## Exercise aim
Starting at the line that contains "Daffodil Narcissus 'Bully'", write out each line through the end of the data below, exactly as it stands. Skip any pictures.

## Supplied information
● ● ● ● ● ● ●

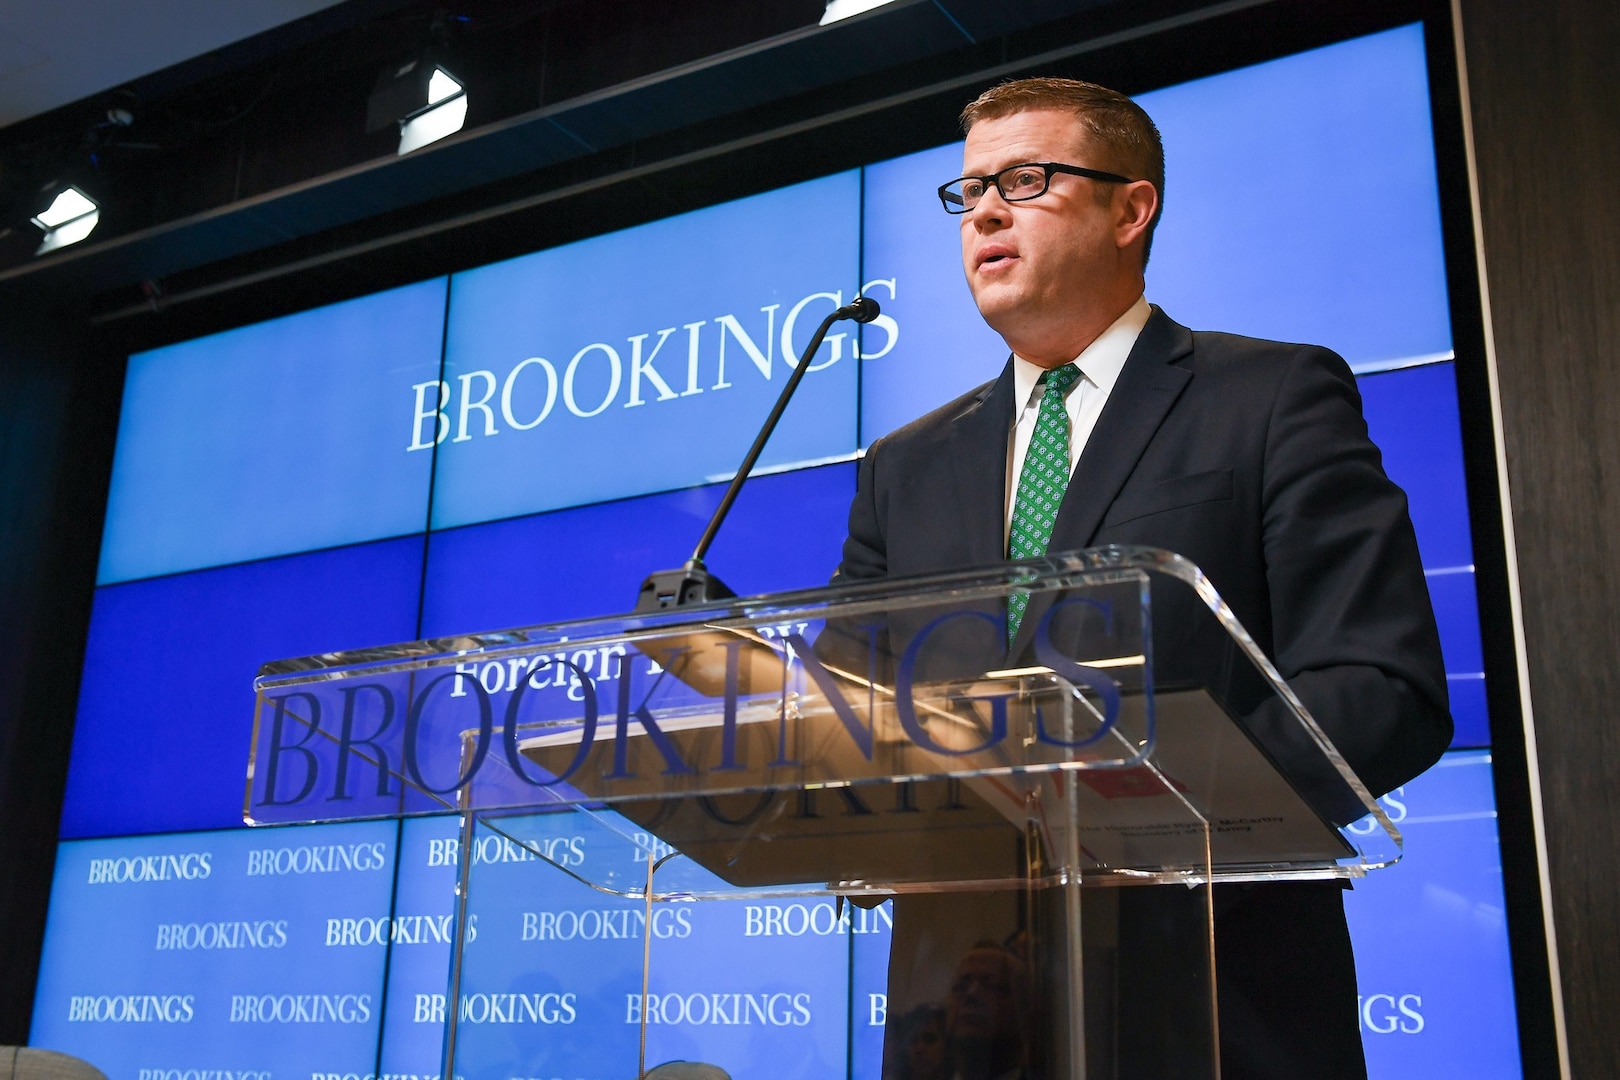 Secretary of the Army Ryan McCarthy speaks with Michael O'Hanlon, senior fellow in the foreign policy program at the Brookings Institution, during a speaking engagement in Washington, D.C., Jan. 10.
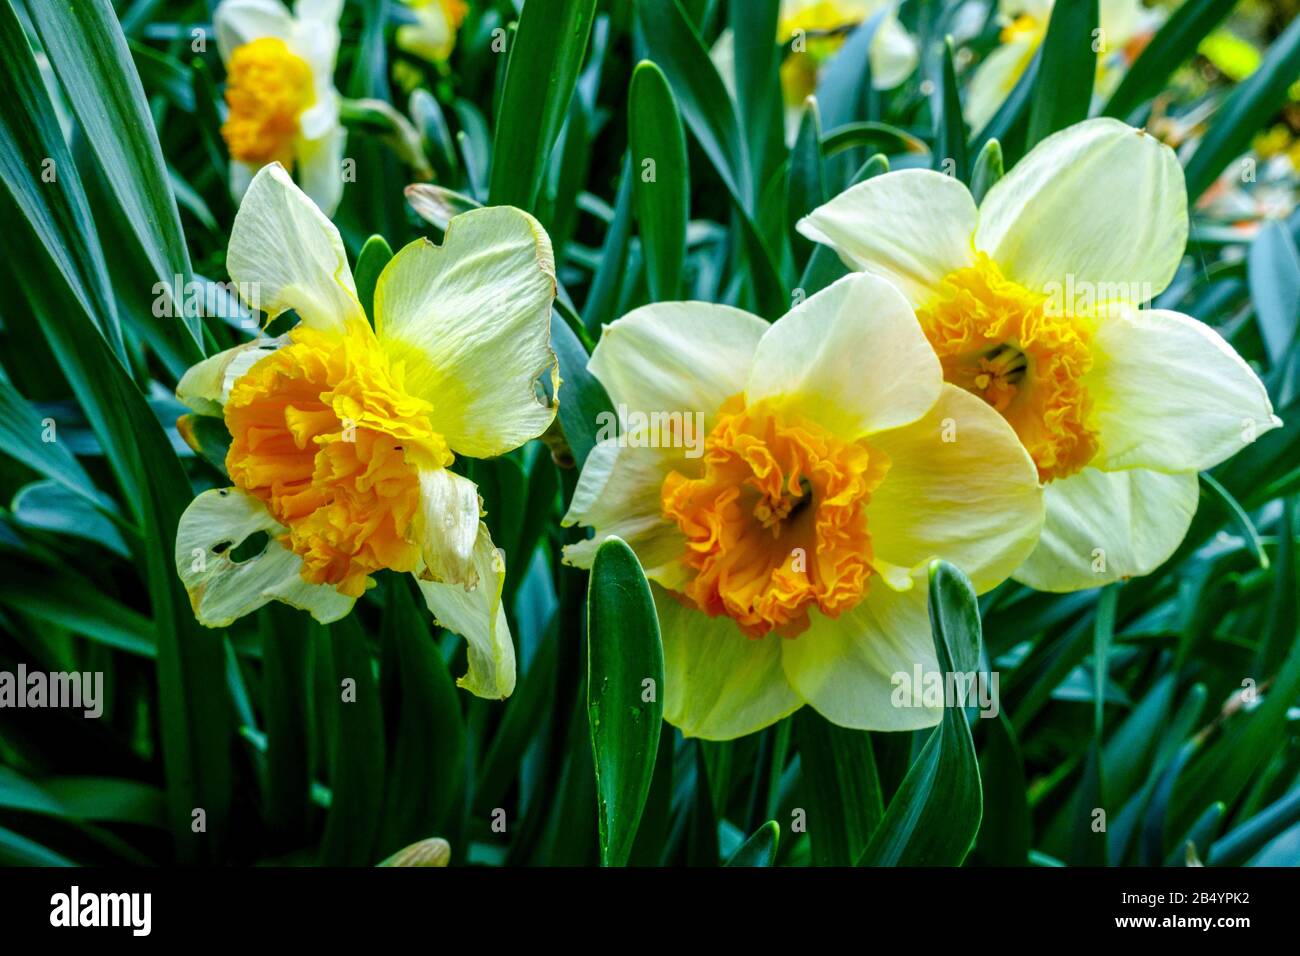 Daffodil Narcissus 'Bully' spring flowers garden plant Stock Photo
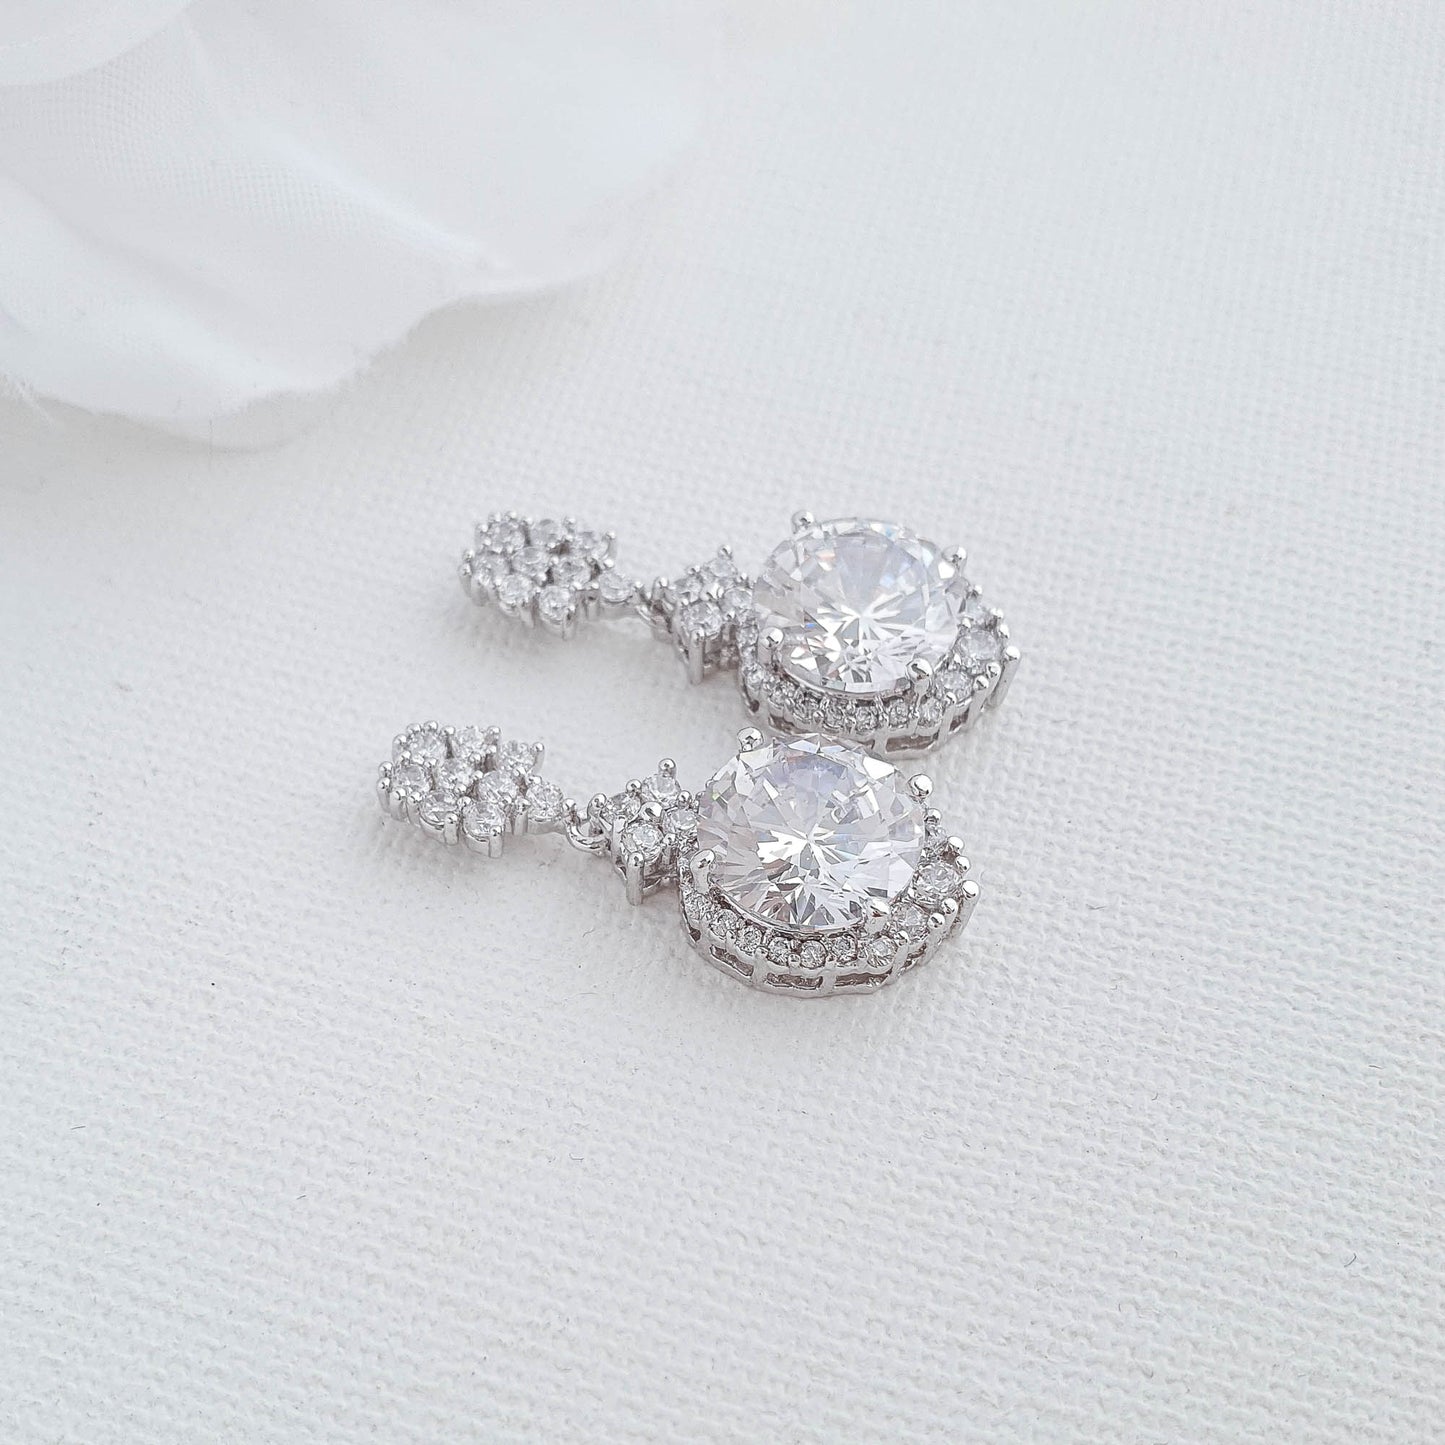 Drop Earrings for Brides and Wedding Guests-Mandy
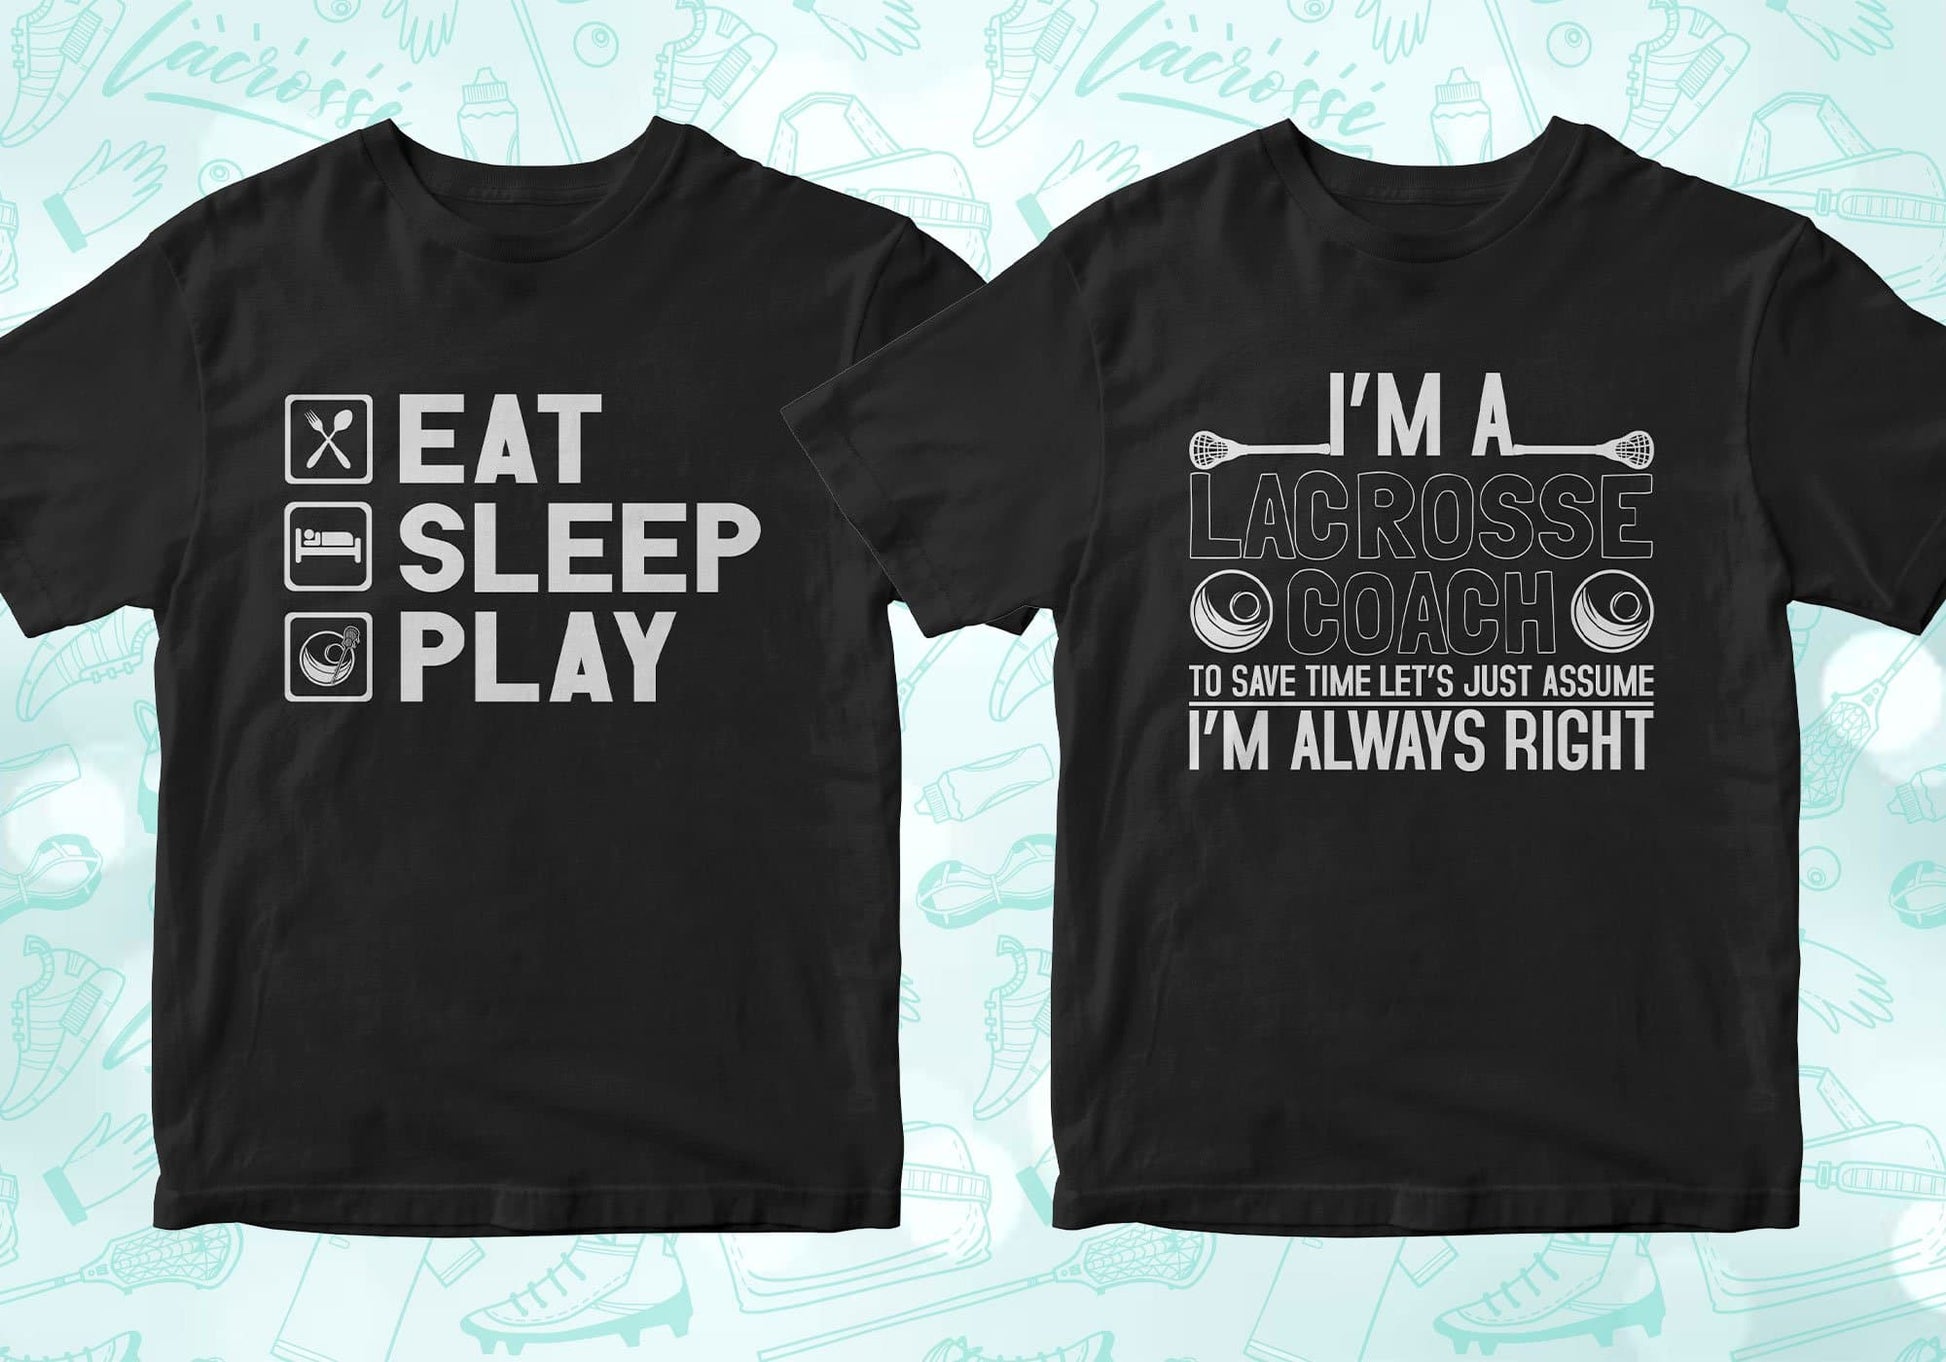 eat sleep play lacrosse, i'm a lacrosse coach to save time let's just assume i'm always right, lacrosse shirts lacrosse tshirt lacrosse t shirts lacrosse shirt designs lacrosse graphic

● ● ● ● ● ● ●

## Result below
 Daffodil Narcissus 'Bully' spring flowers garden plant Stock Photo
 Drop Earrings for Brides and Wedding Guests-Mandy
 eat sleep play lacrosse, i'm a lacrosse coach to save time let's just assume i'm always right, lacrosse shirts lacrosse tshirt lacrosse t shirts lacrosse shirt designs lacrosse graphic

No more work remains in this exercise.